Why caramel crystallize after adding butter

buttercaramel

This weekend I tried making salted caramel following a recipe from Bon Appetit's Test Kitchen (The caramel part from https://www.bonappetit.com/recipe/salted-caramel-chocolate-tart).

I noticed a little foam during the caramel formation but it did not give me much trouble at the moment, but later, when I added the butter, everything has gone awfully bad.

I took it off the stove to add the butter but it started to gain a sandy texture and a light yellow color. I put it on the stove again and kept adding butter hoping to solve it but it did not help.

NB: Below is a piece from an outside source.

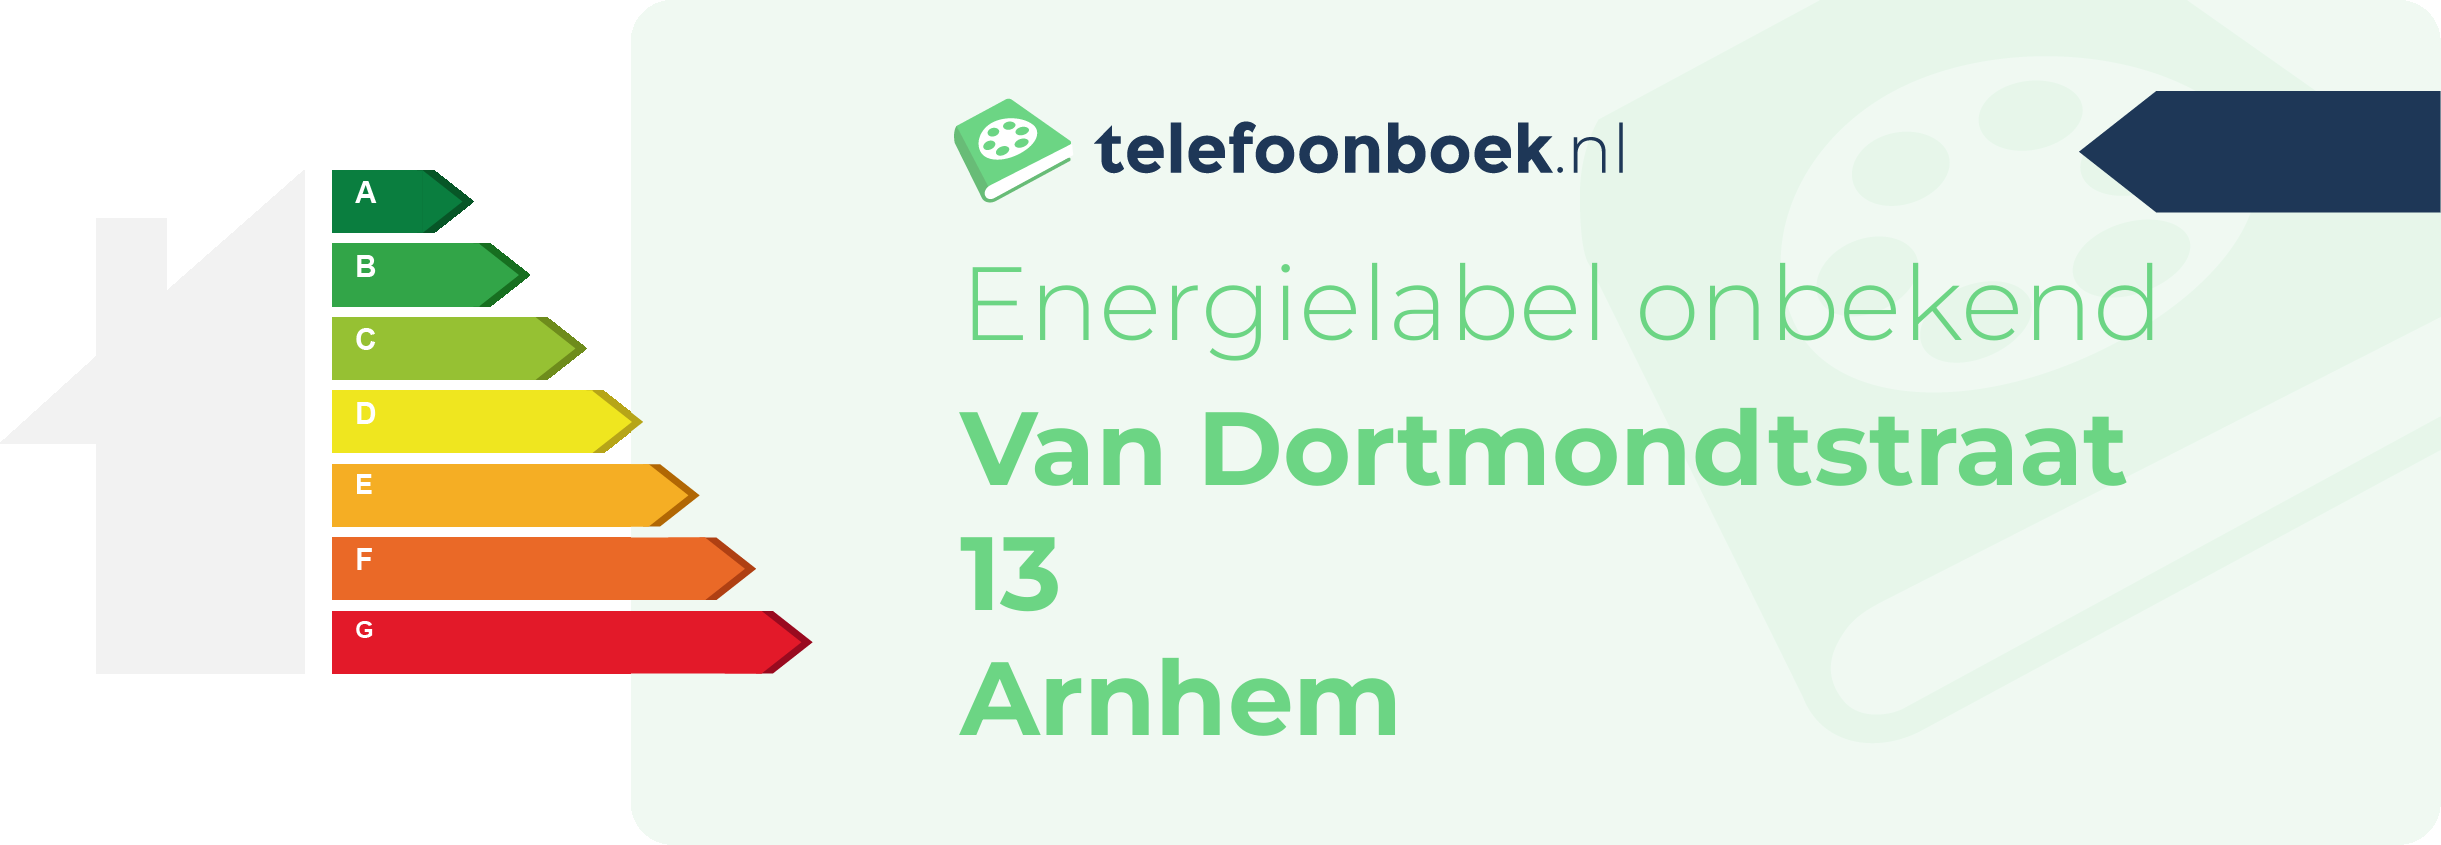 Energielabel Van Dortmondtstraat 13 Arnhem

In the end, I resolved by using half a glass of water, that lowered the temperature and melted everything back to a smooth deep amber sauce. After adding the cream and trying to reduce it to remove the added water, it went ok.

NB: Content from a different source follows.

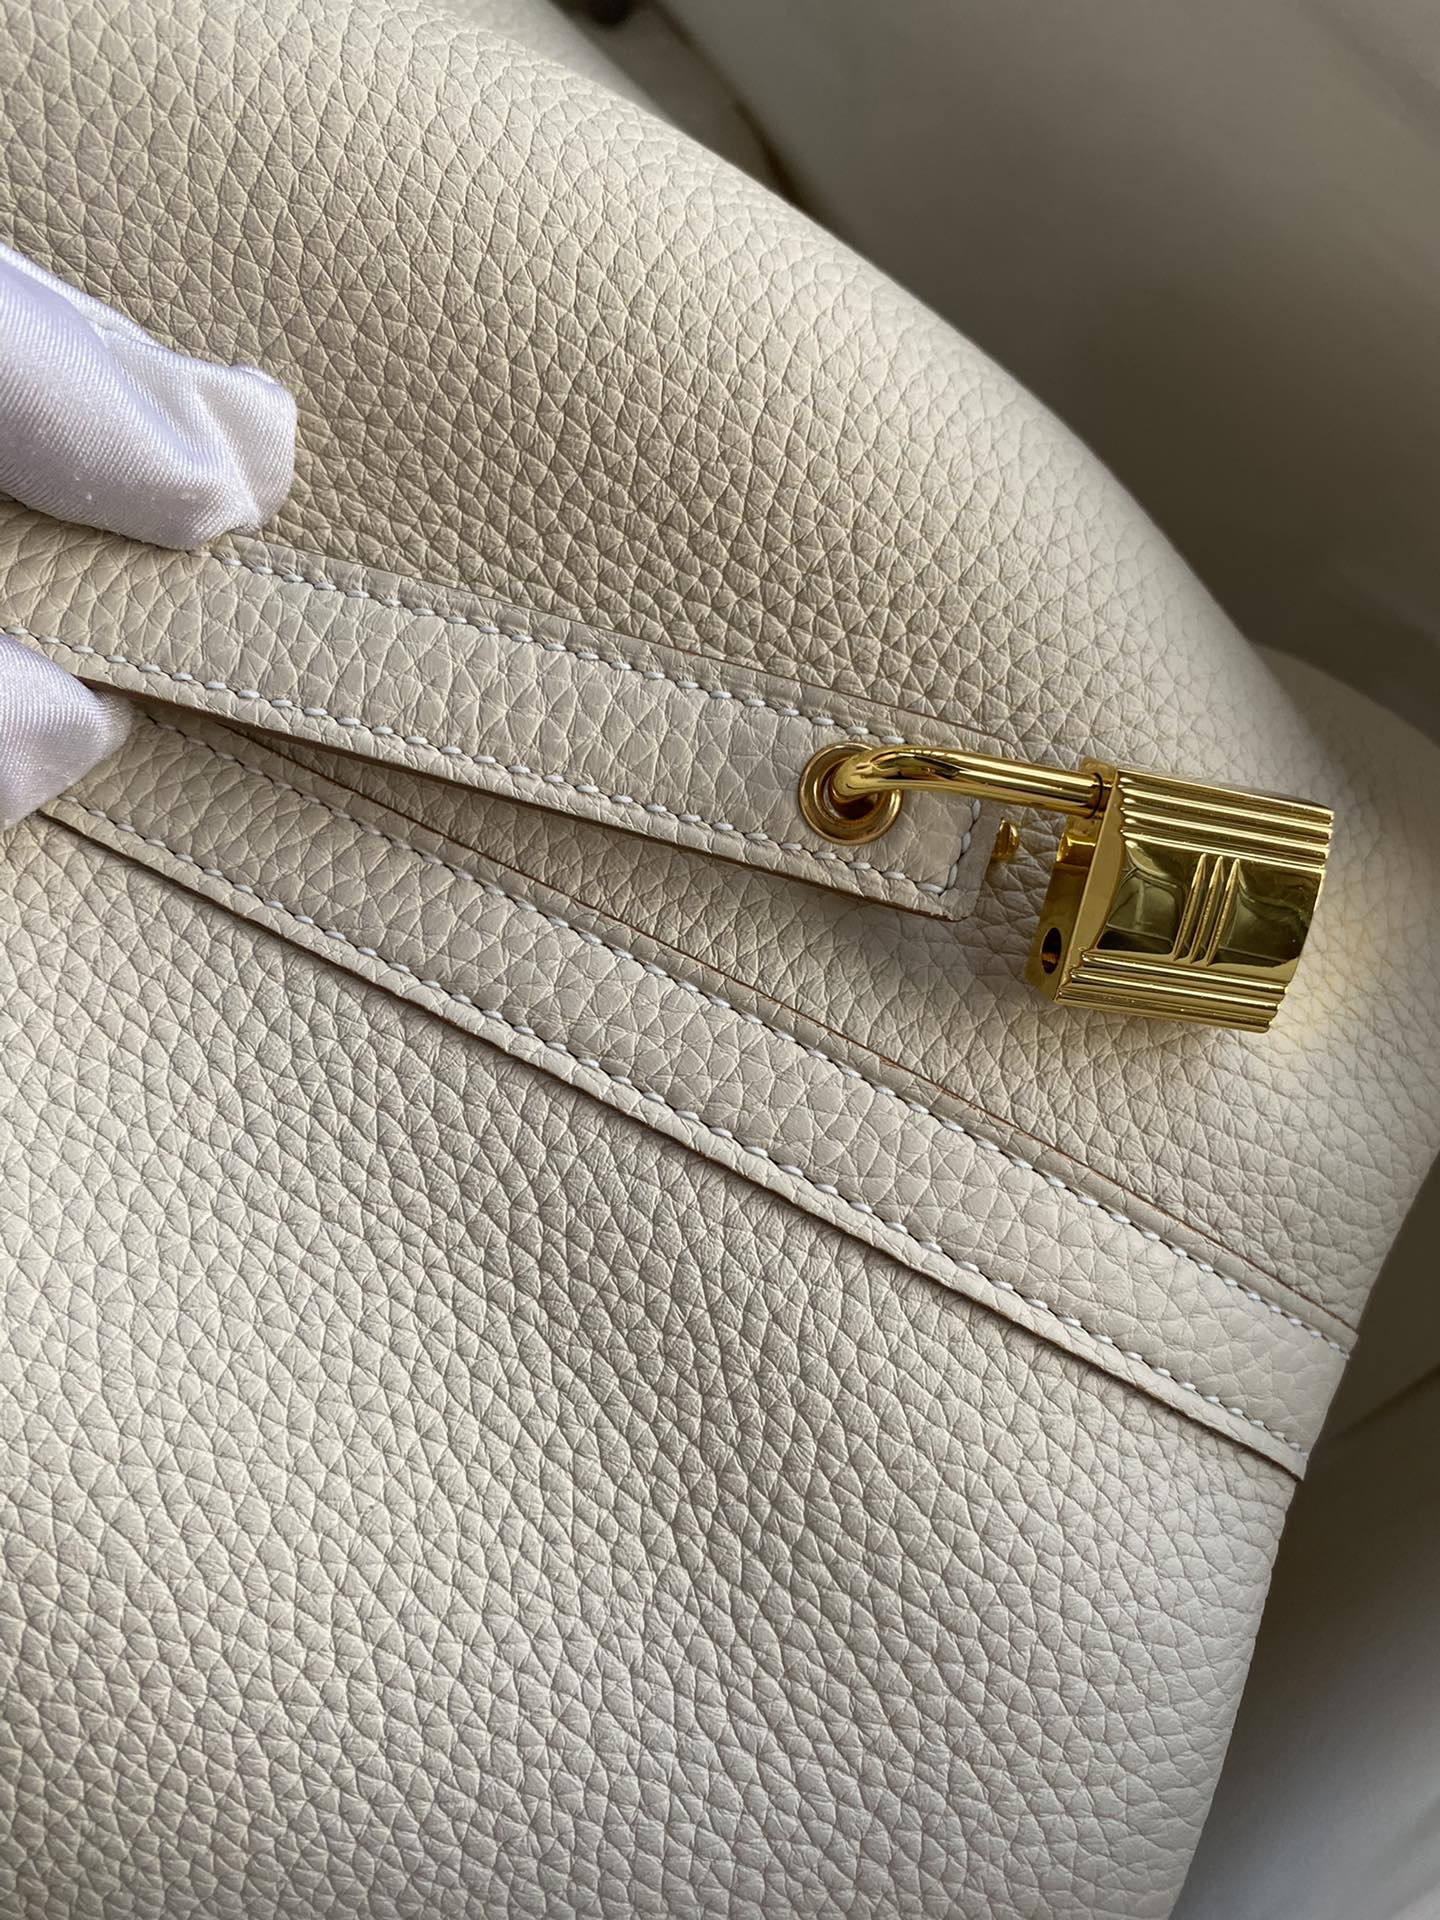 Hermes - Lindy, Picotin & leather bag charms.

What did I do wrong? What happened?

P.S. In the recipe it asks for cream of tartar but I did not have it so I did not use it, is it the cause? I've seen other recipes without it, so I thought it was ok.

Best Answer

Acids, such as cream of tartar, can interfere with the formation of crystals by inverting sugars. Without it, you need to be more careful/lucky...

To quote Cooks Illustrated [It's for simple syrup but point still holds]:

Simple syrup crystallizes when enough of the sugar molecules stick to one another that they become insoluble in the water... To find a more effective solution, we had to understand why these additives helped. The cream of tartar and lemon juice are both acids that are able to break down sugar molecules into glucose and fructose in a process called inversion. So not only were fewer sugar molecules available to cluster together in our doctored syrups but the newly present glucose and fructose were physically blocking the remaining sugar molecules from one another.